CWL_CONDITIONALS_PICK_VALUE_VIA_TOOL_PLAN

CWL pickValue via Synthetic pick_value Tool Step

Problem

CWL v1.2 workflows can declare pickValue on workflow outputs with multiple outputSource entries. Galaxy crashes at parser.py:607 because get_outputs_for_label() hardcodes multiple=False, so split_step_references() asserts on multi-element lists. 27 CWL v1.2 conditional conformance tests are red because of this.

Approach: Synthetic Tool Insertion

During CWL workflow import (WorkflowProxy.to_dict()), when a workflow output has pickValue + multiple outputSource, inject a synthetic pick_value tool step that:

  1. Receives connections from all the source steps
  2. Applies the pickValue logic
  3. Produces a single output that becomes the workflow output

This reuses Galaxy’s existing pick_value expression tool rather than implementing new runtime semantics.

Research Findings

Galaxy’s Bundled pick_value Tool

Location: tools/expression_tools/pick_value.xml (v0.1.0, bundled) Also at: toolshed iuc/pick_value (v0.2.0, adds format_source)

Tool type: expression (ECMAScript 5.1, runs via Galaxy’s expression engine, no container needed)

Parameters:

JS logic summary:

for (var i = 0; i < pickFrom.length; i++) {
    if (pickFrom[i].value !== null) {
        if (pickStyle == 'only' && out !== null) {
            return { '__error_message': 'Multiple null values found, only one allowed.' };
        } else if (out == null) {
            out = pickFrom[i].value;
        }
    }
}
// first_or_default: fall back to default_value
// first_or_error / only: error if out is still null

Outputs: One of text_param, integer_param, float_param, boolean_param, data_param (filtered by param_type).

Key: The tool does NOT have an all_non_null mode. It always returns a single value, never an array.

Mapping CWL pickValue Modes to pick_value Tool

CWL pickValuepick_value pick_styleNotes
first_non_nullfirst_or_errorCWL spec says error if all null; first silently returns null
the_only_non_nullonlyDirect match: errors if 0 or >1 non-null
all_non_nullNO MATCHReturns string[]/File[] — pick_value can’t produce arrays

first_non_null Details

CWL spec: “Return first non-null. Error if all null.” Maps to first_or_error:

The first_non_null_all_null conformance test has should_fail: true, confirming the error behavior.

But there’s a subtlety: cond-wf-003.cwl has outputSource: [step1/out1, def] where def is a workflow input with default: "Direct". When step1 is skipped, the first_non_null should return the def value. This requires the def workflow input to be wired as a pick_from input alongside step1/out1.

the_only_non_null Details

Direct match to only mode. Errors if 0 non-null or >1 non-null. Conformance tests pass_through_required_fail, the_only_non_null_multi_true are should_fail: true.

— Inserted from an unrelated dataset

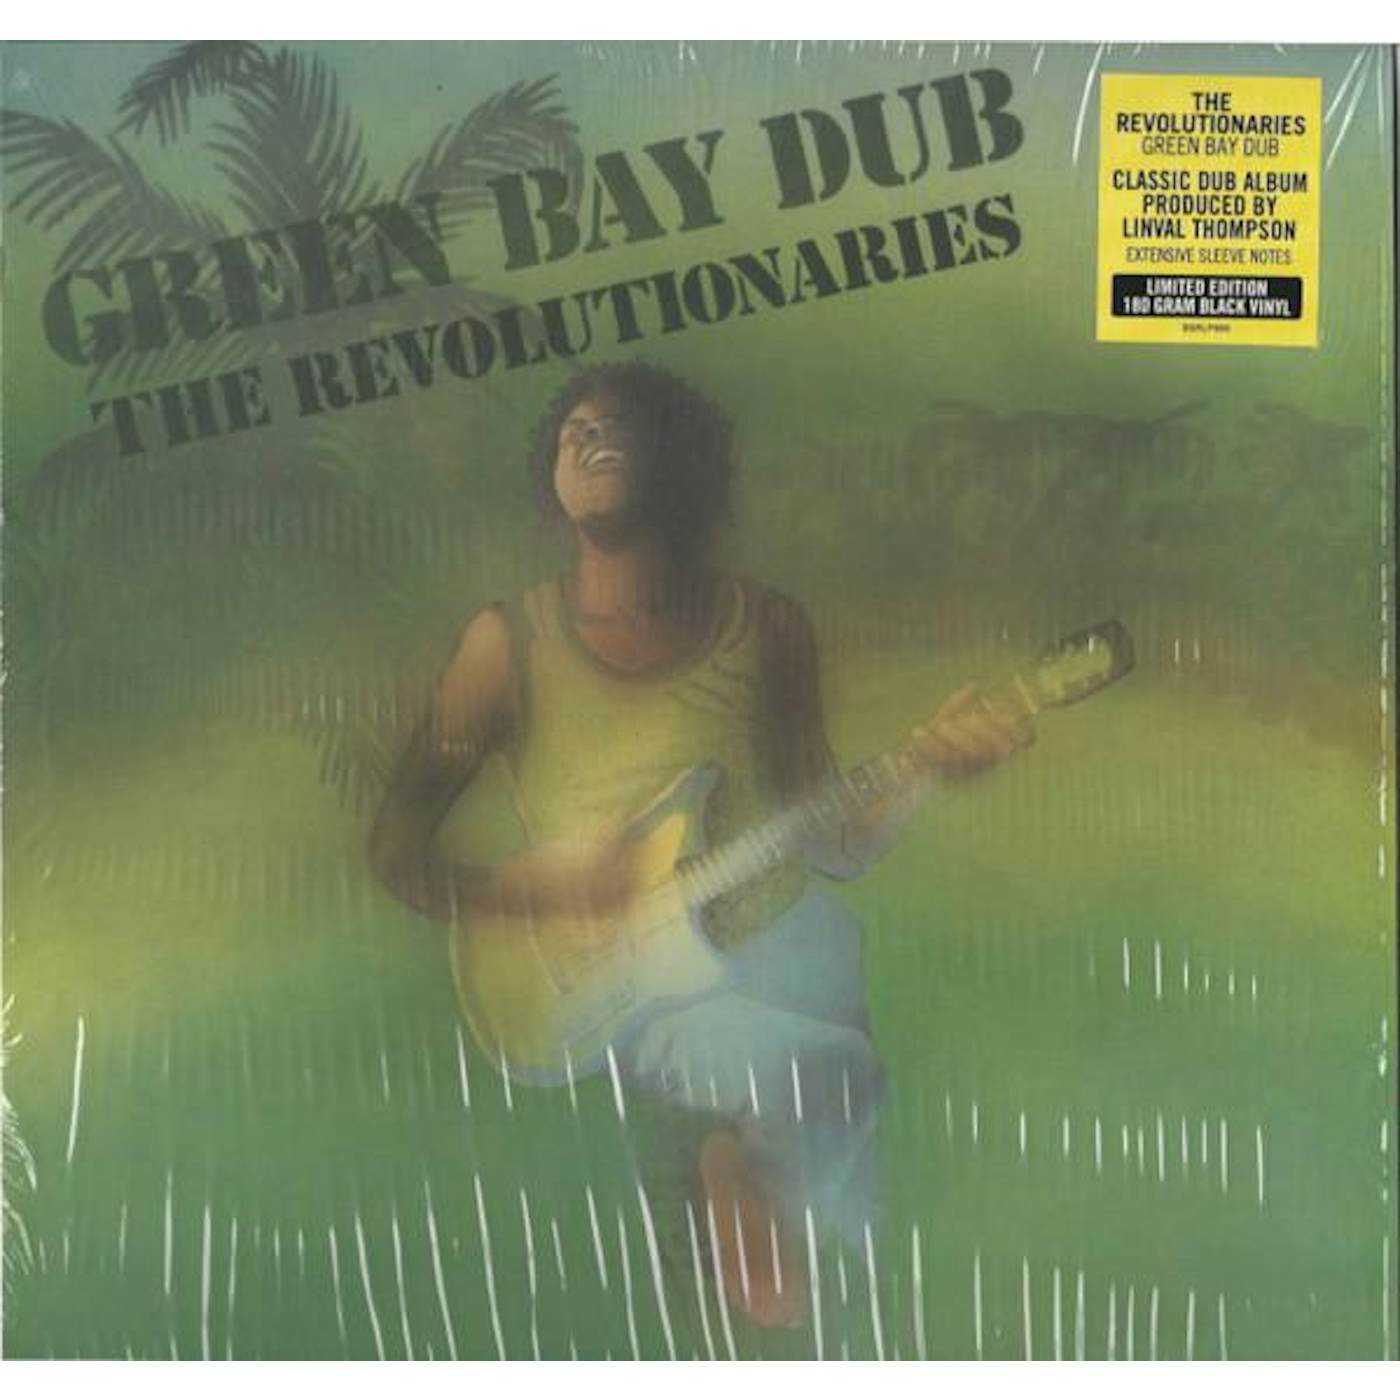 The Revolutionaries GREEN BAY DUB Vinyl Record

all_non_null Details — THE HARD CASE

CWL all_non_null returns an array of all non-null values. Example from cond-wf-007.cwl:

outputs:
  out1:
    type: string[]
    outputSource: [step1/out1, step2/out1]
    pickValue: all_non_null

Expected outputs:

The existing pick_value tool cannot do this. It returns a scalar. Options:

  1. Extend pick_value tool with an all_non_null mode that returns an array/collection
  2. Use Galaxy’s multi-source-to-collection merging (already exists in replacement_for_input_connections)
  3. Write a new expression tool specifically for all_non_null
  4. Handle all_non_null as a runtime feature rather than a tool

How Skipped Step Outputs Work in Galaxy

When when=False, the step is skipped via __when_value__:

  1. modules.py:2771slice_dict["__when_value__"] = when_value (False)
  2. execute.py:301skip = slice_params.pop("__when_value__", None) is False
  3. execute.py:249skip=skip passed to handle_single_execution
  4. actions/__init__.py:794-803 — Job state set to SKIPPED, outputs handled:
if skip:
    job.state = job.states.SKIPPED
    for output_collection in output_collections.out_collections.values():
        output_collection.mark_as_populated()
    ...
    for data in out_data.values():
        data.set_skipped(object_store_populator, replace_dataset=False)
  1. model/__init__.py:5249-5265set_skipped():
self.extension = "expression.json"
self.state = self.states.OK  # state is OK, not error
self.blurb = "skipped"
self.peek = json.dumps(None)
self.visible = False
# File content is literally: null
with open(self.dataset.get_file_name(), "w") as out:
    out.write(json.dumps(None))

The output HDA exists, has state=OK, but contains null JSON and has expression.json extension.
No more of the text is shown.